Modern Livestock Production and Novel Influenza Virus Generation: Are the Benefits Worth the Risk? | Duke Kunshan University
Modern Livestock Production and Novel Influenza Virus Generation: Are the Benefits Worth the Risk?
Dr. Greg Gray, Professor

Duke University

Nov 24th 2015 12:00 to 13:00
Room 1079, Academic Building
Wednesday, January 17, 2018 - 18:45

Summary of Talk:

Many argue that modern livestock production methods have never been better. In the United States and in other developed nations we produce some of the world’s safest and lease expensive beef, pork, and poultry products. These techniques are being adopted worldwide to meet the protein needs for the world’s growing human population; yet, the production methods have been associated with the generation and spread of novel influenza, a virus which causes disease outbreaks in both animals and man. Dr. Gray will briefly review the current situation and argue that a One Health approach to mitigating these zoonotic disease risks is the way forward.


Brief Biography:

Gregory C. Gray MD, MPH, FIDSA is a Professor at Duke University with 3 affiliations: the Division of Infectious Diseases in Duke University's School of Medicine, Duke Global Health Institute, and Duke Nicholas School of the Environment. He also serves part-time as a Professor in the Program in Emerging Infectious Diseases at Duke-NUS Graduate Medical School, Singapore and as a Professor of Global Health at Duke Kunshan University in China. He has visiting professorship positions in six other academic institutions in China, Romania, Australia, and the USA. His medical boards are in Preventive Medicine and Public Health. Dr. Gray has conducted diverse epidemiological studies of infectious diseases for 25 years in 5 continents. Much of his work has involved identifying risk factors for occupational diseases, particularly for infectious diseases. He has studied numerous occupational groups including farmers, animal breeders, veterinarians, military personnel, turkey workers, poultry workers, horse workers, hunters, and pig workers.
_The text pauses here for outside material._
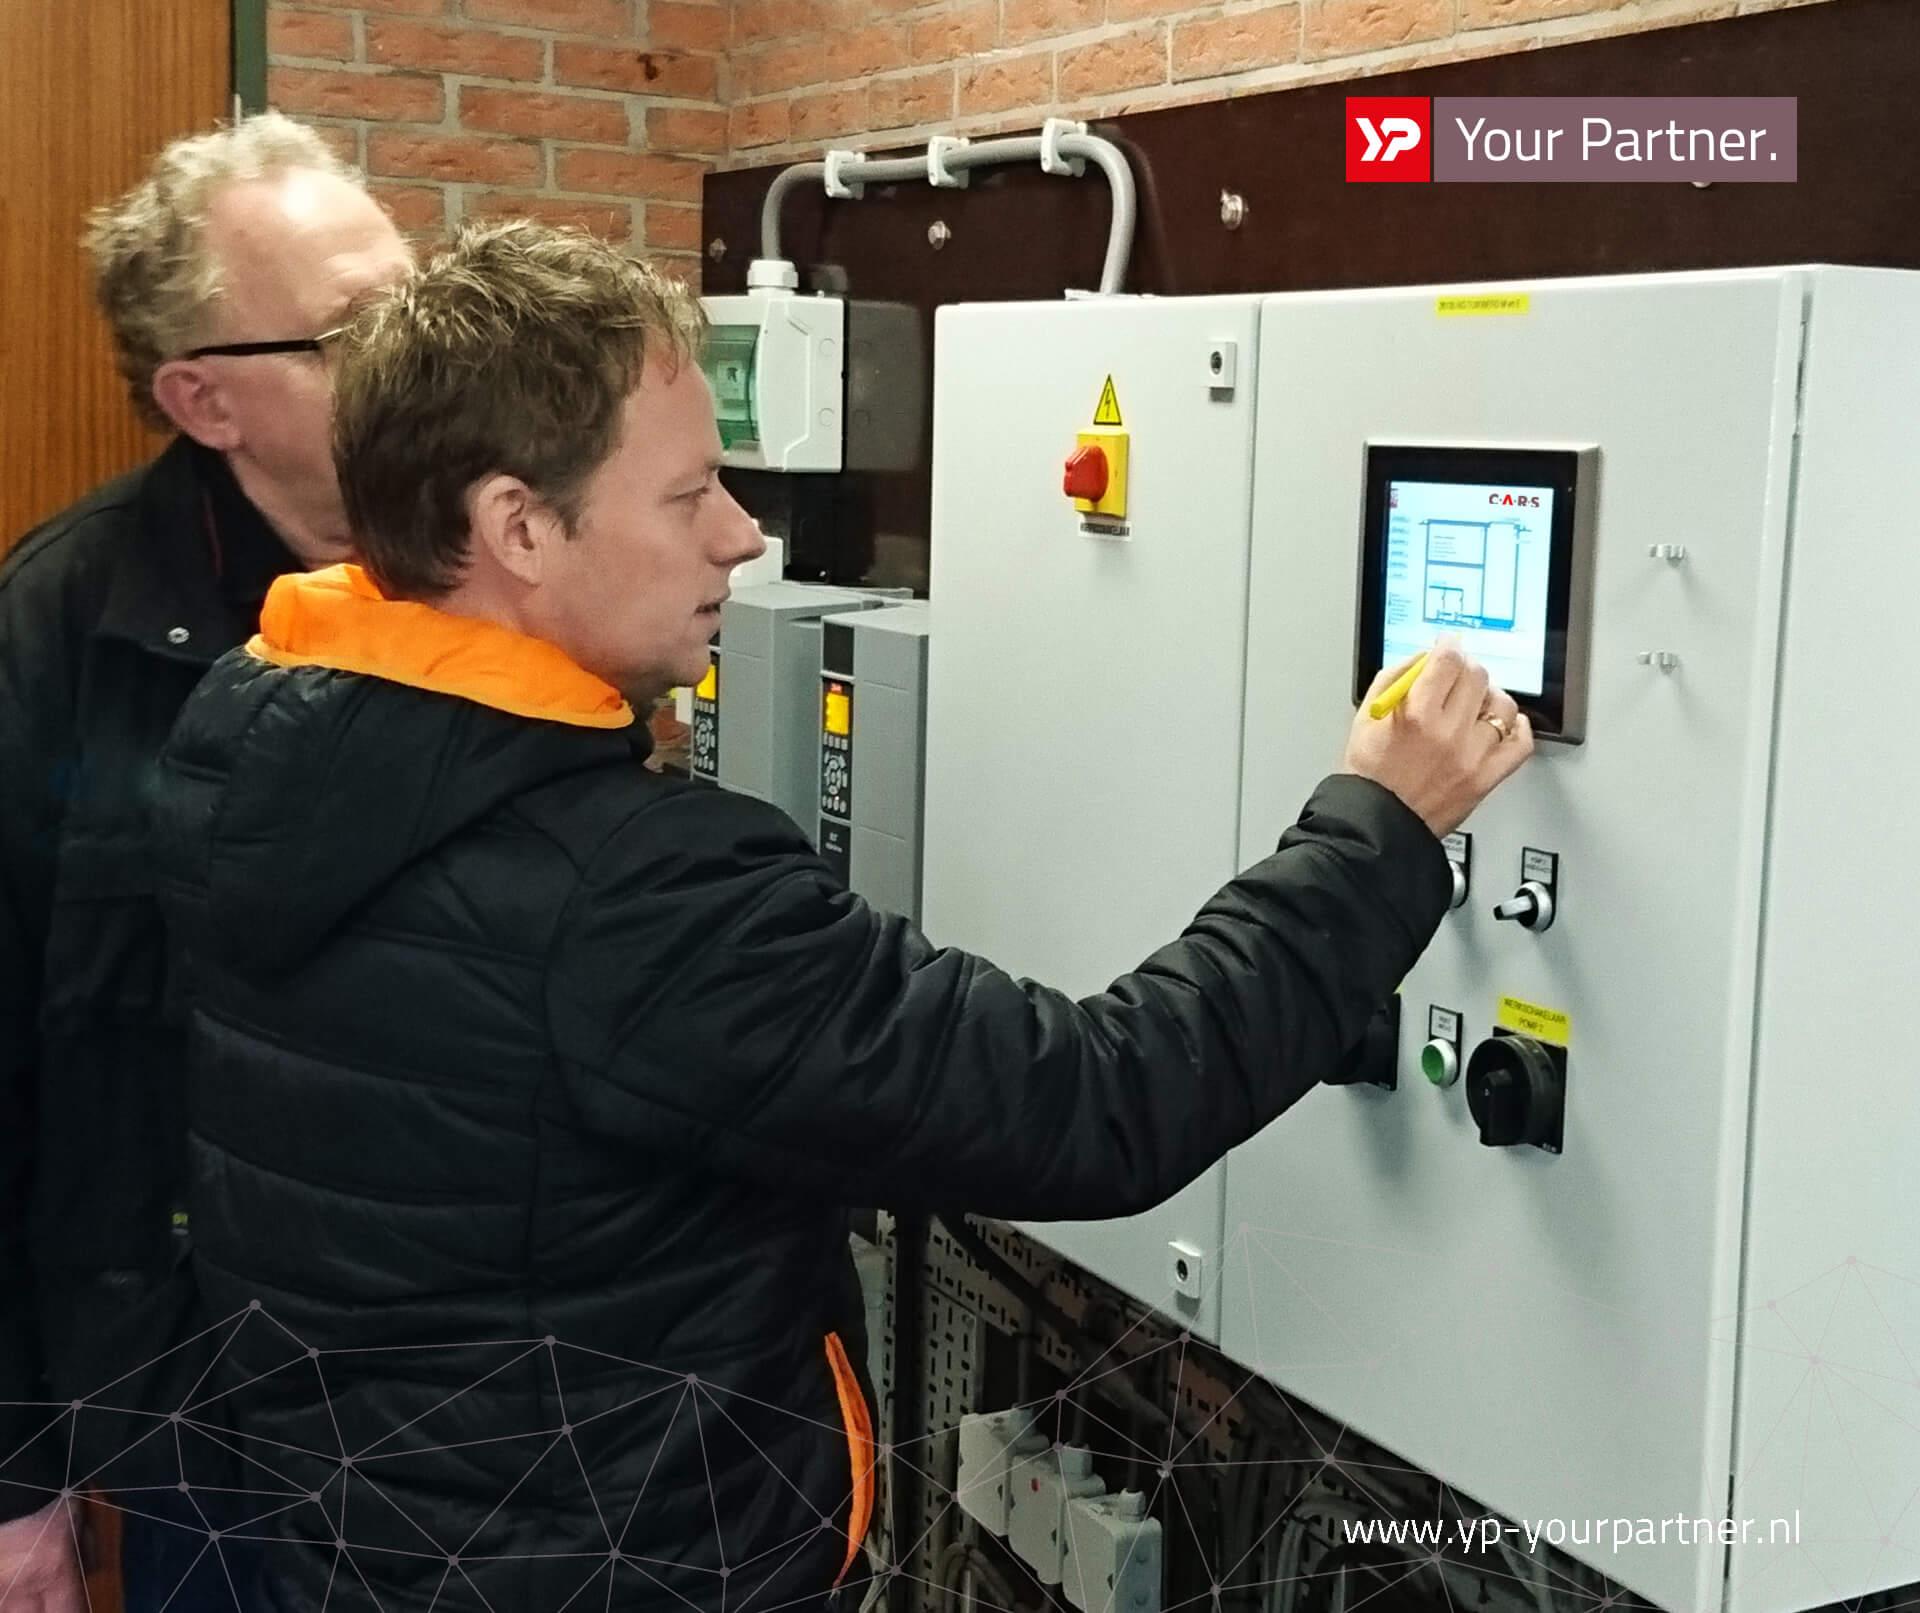 59 procent energiebesparing voor gemeente Delfzijl
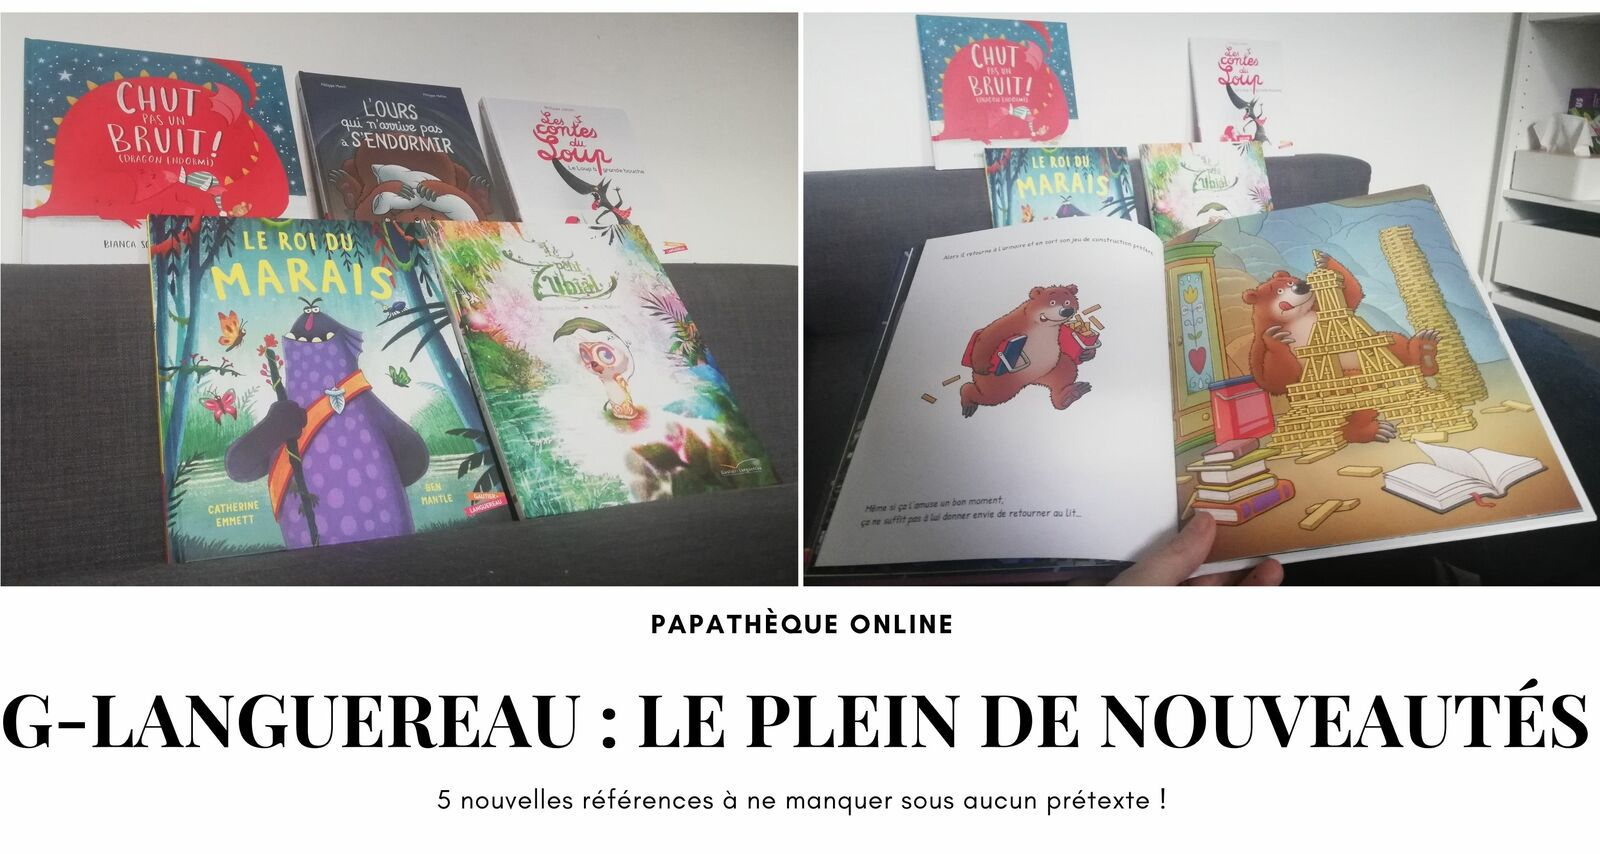 [Papathèque] De beau, du neuf dans la #Papathèque avec les éditions Gautier-Languereau

A strong supporter for the One Health approach, he has won multiple One Health research and training grants, established two centers of One Health (USA & Romania) and developed 4 graduate programs in One Health (PhD, MHS, Certificate and Program). He has mentored more than 50 graduate students, postdocs, and international scholars in research and often guides their work to peer-reviewed publication. He has served on numerous national expert advisory committees including those associated with the US Armed Forces Epidemiological Board, the Infectious Disease Society of America, and the Institute of Medicine. He has authored more than 260 scientific reports and book chapters in the peer-reviewed medical literature. Currently, he serves on the Editorial Board for the journals Influenza and Other Respiratory Viruses and Tropical Diseases, Travel Medicine and Vaccines.